● Given data
□ □ □

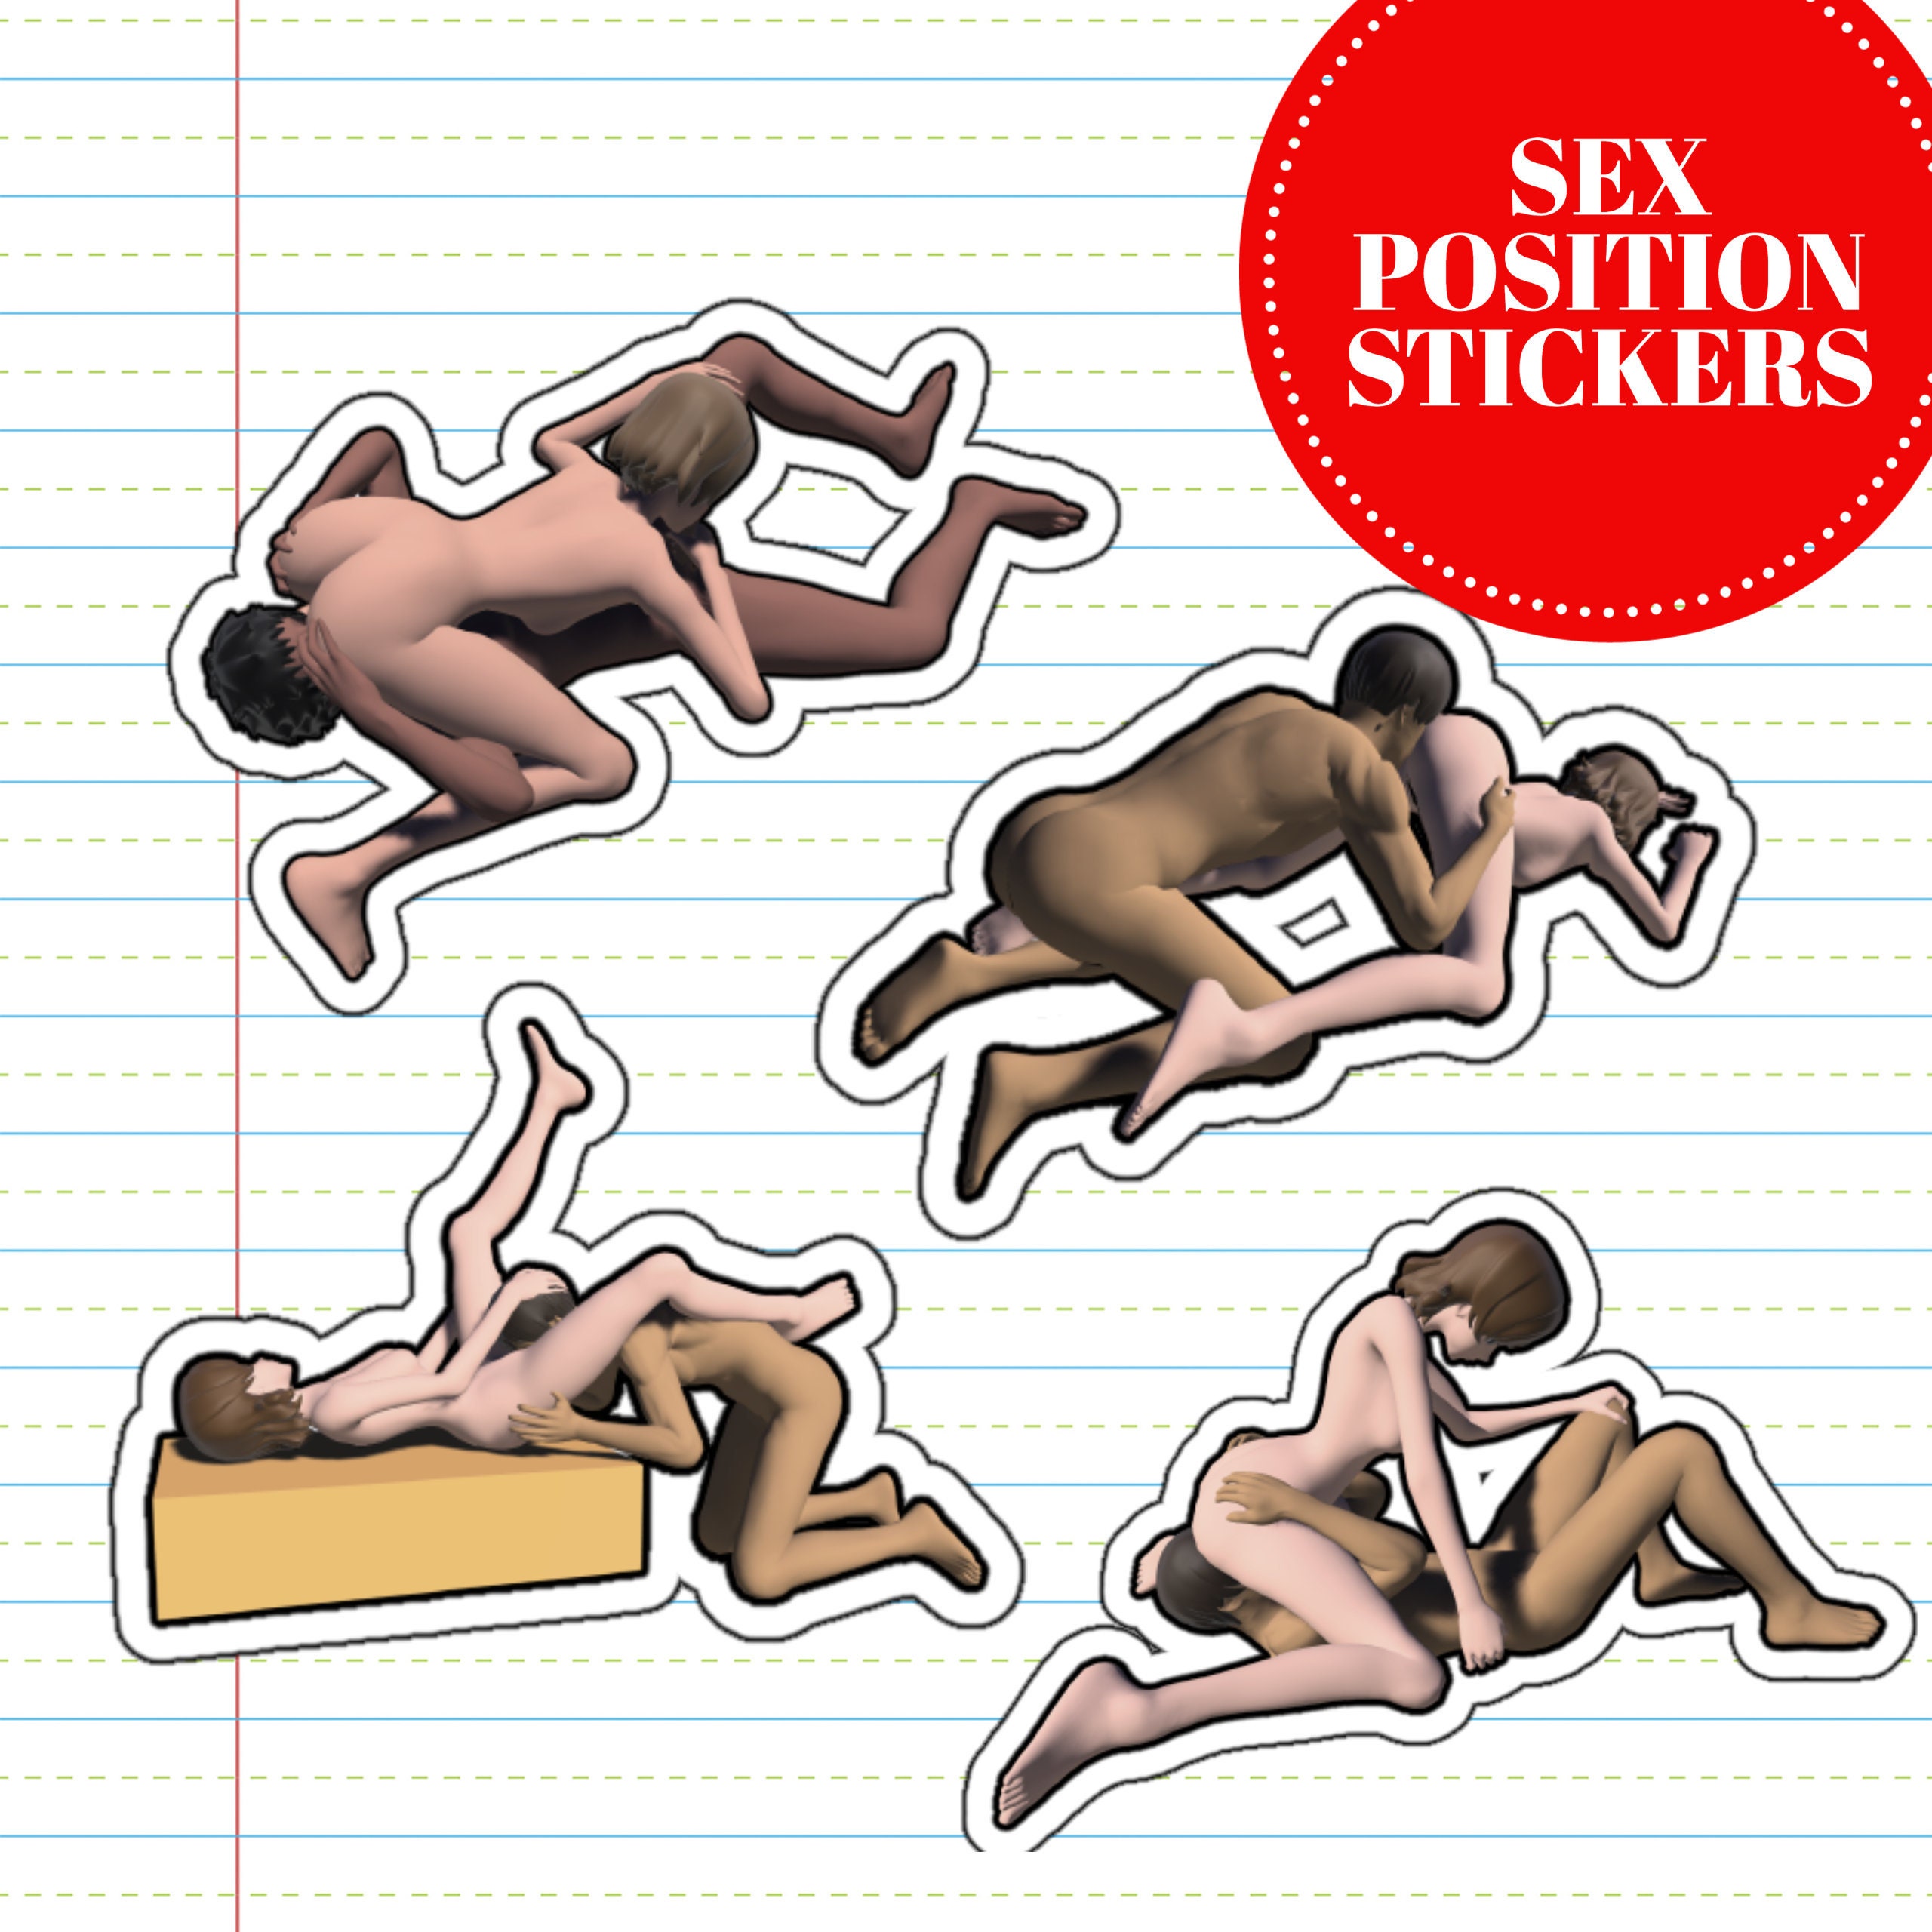 Sticker pornos para whatsapp
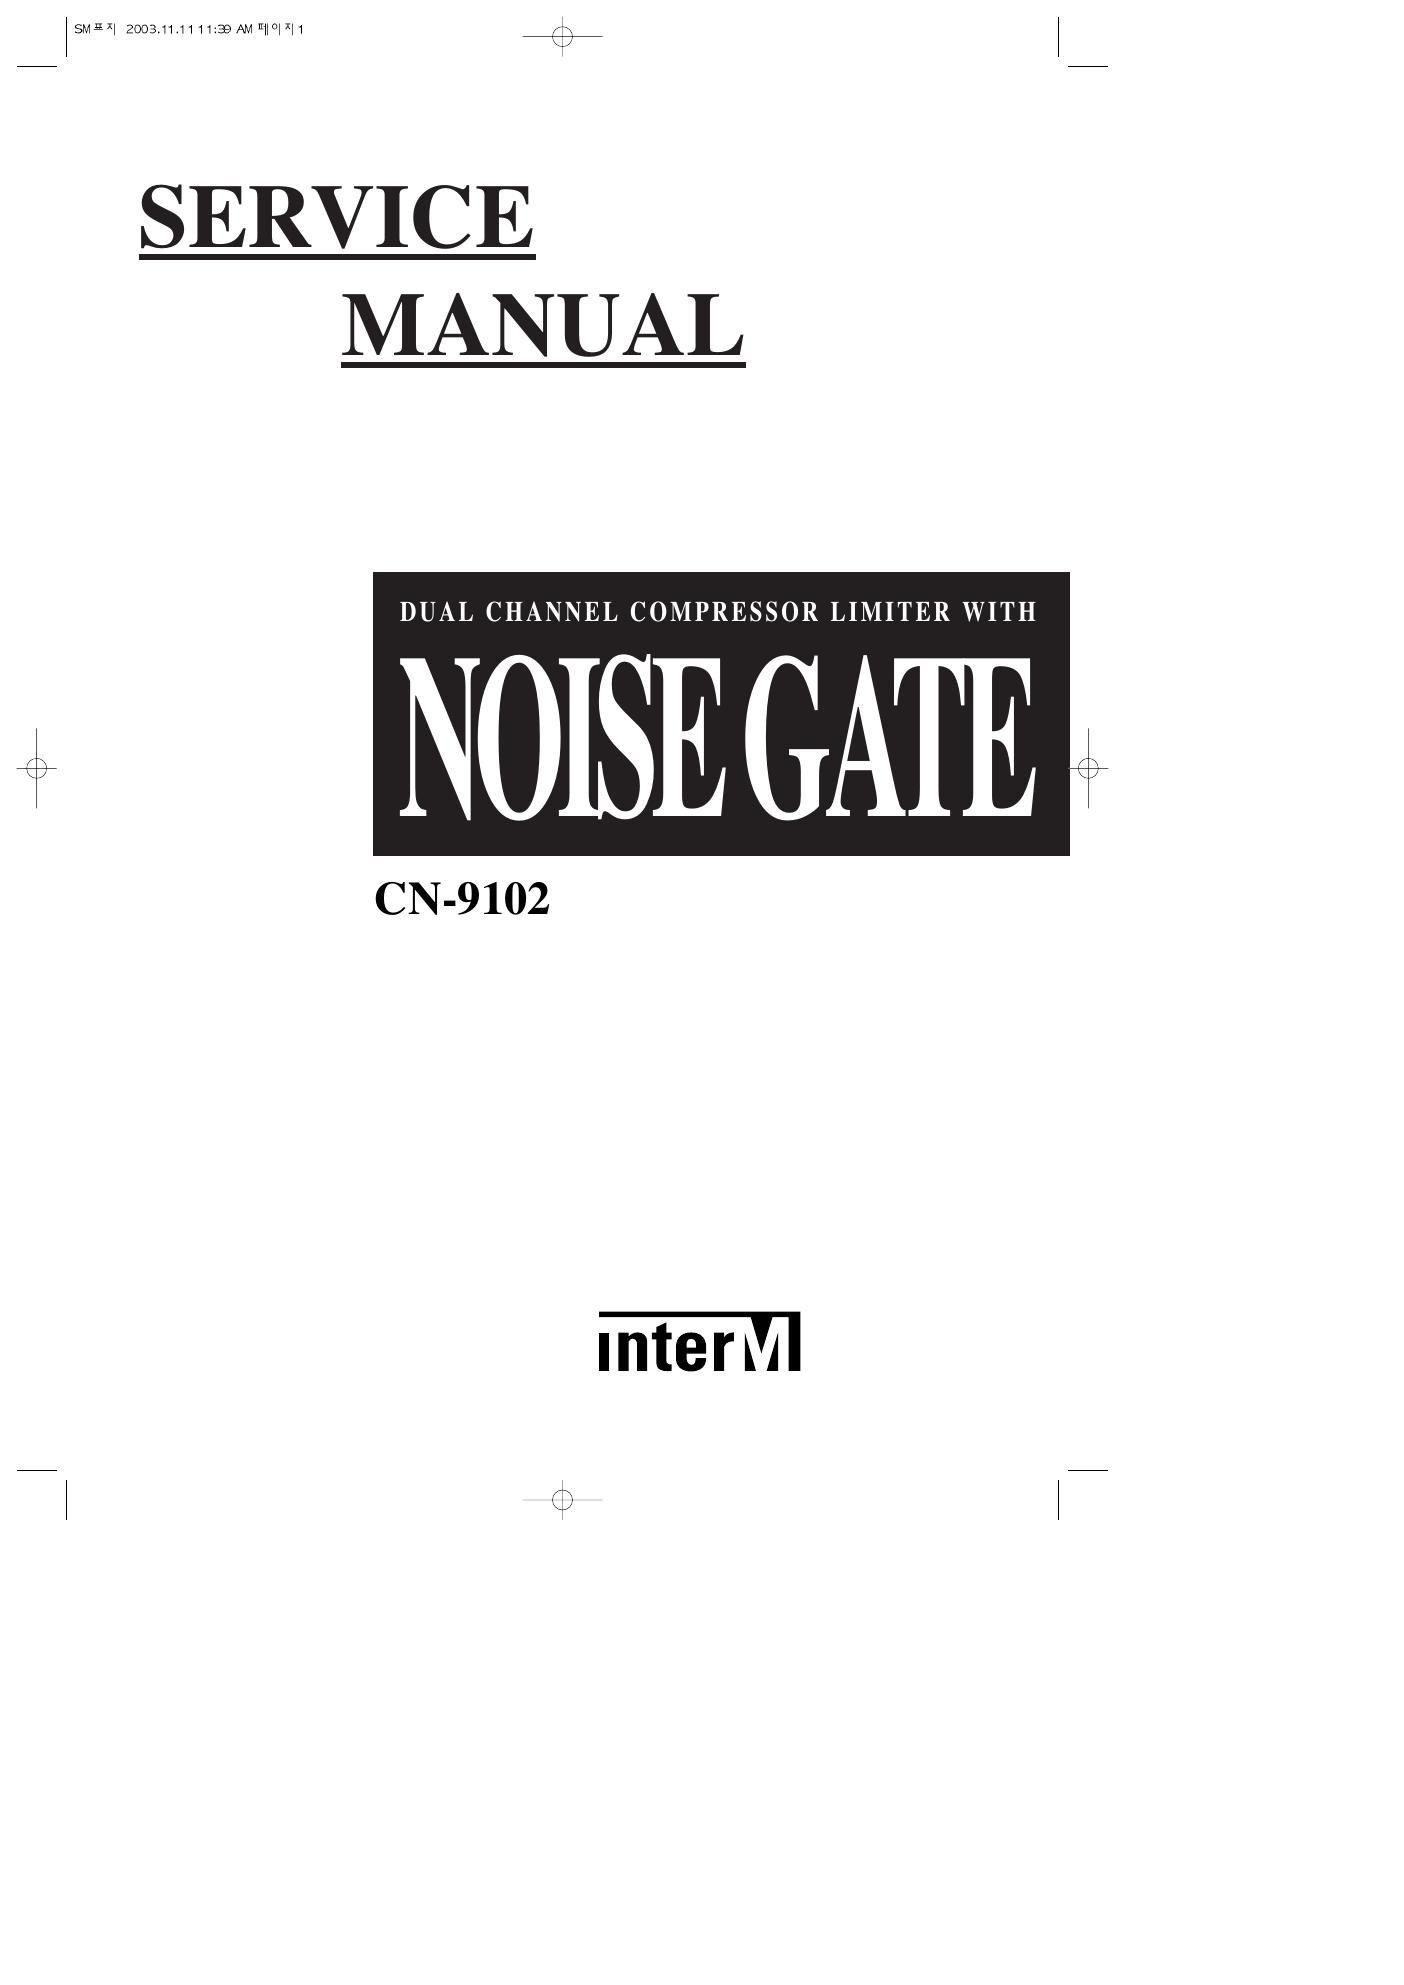 interm cn 9102 noise gate
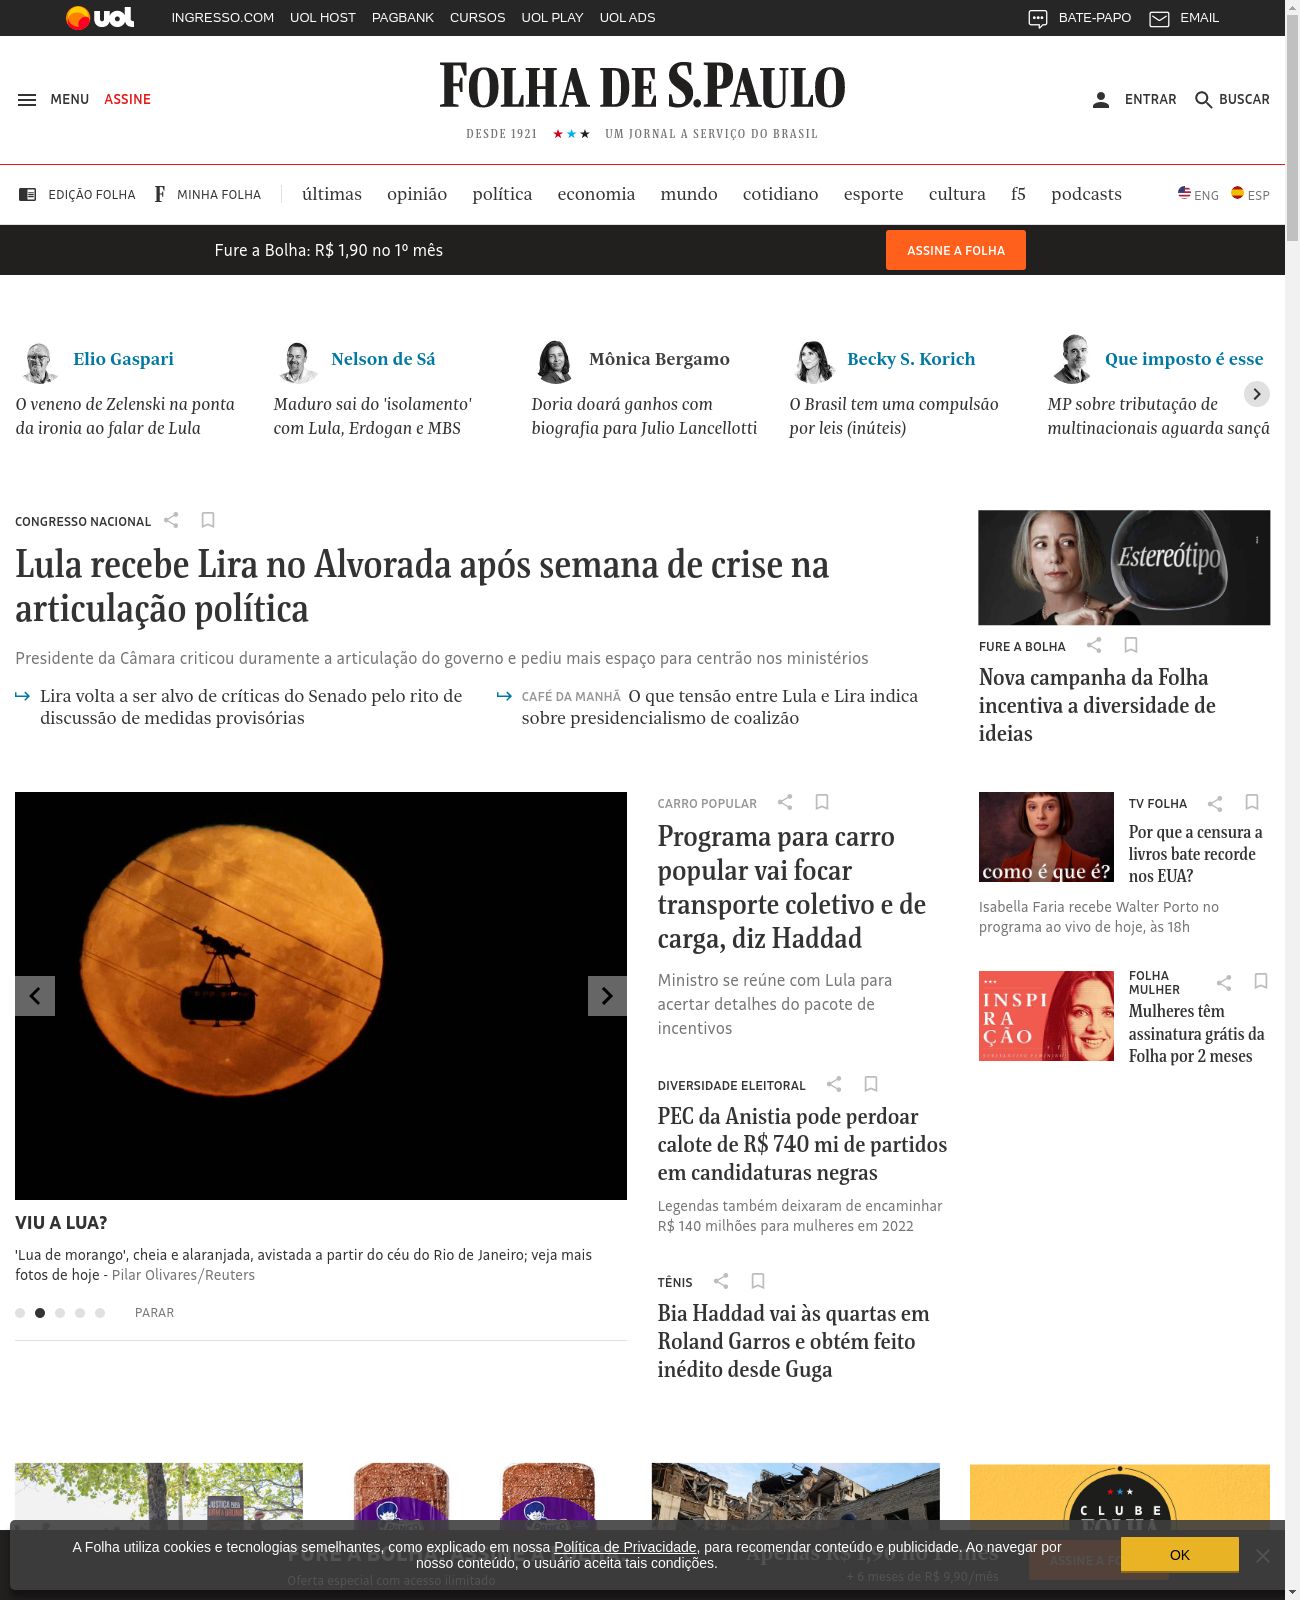 Folha de S.Paulo at 2023-06-05 10:45:03-03:00 local time

□ □ □

● Activity
Beginning with the line that contains "interm cn 9102 noise gate", repeat every remaining line of the data exactly, the last line included, and omit pictures.

● Task response
 interm cn 9102 noise gate
 Folha de S.Paulo at 2023-06-05 10:45:03-03:00 local time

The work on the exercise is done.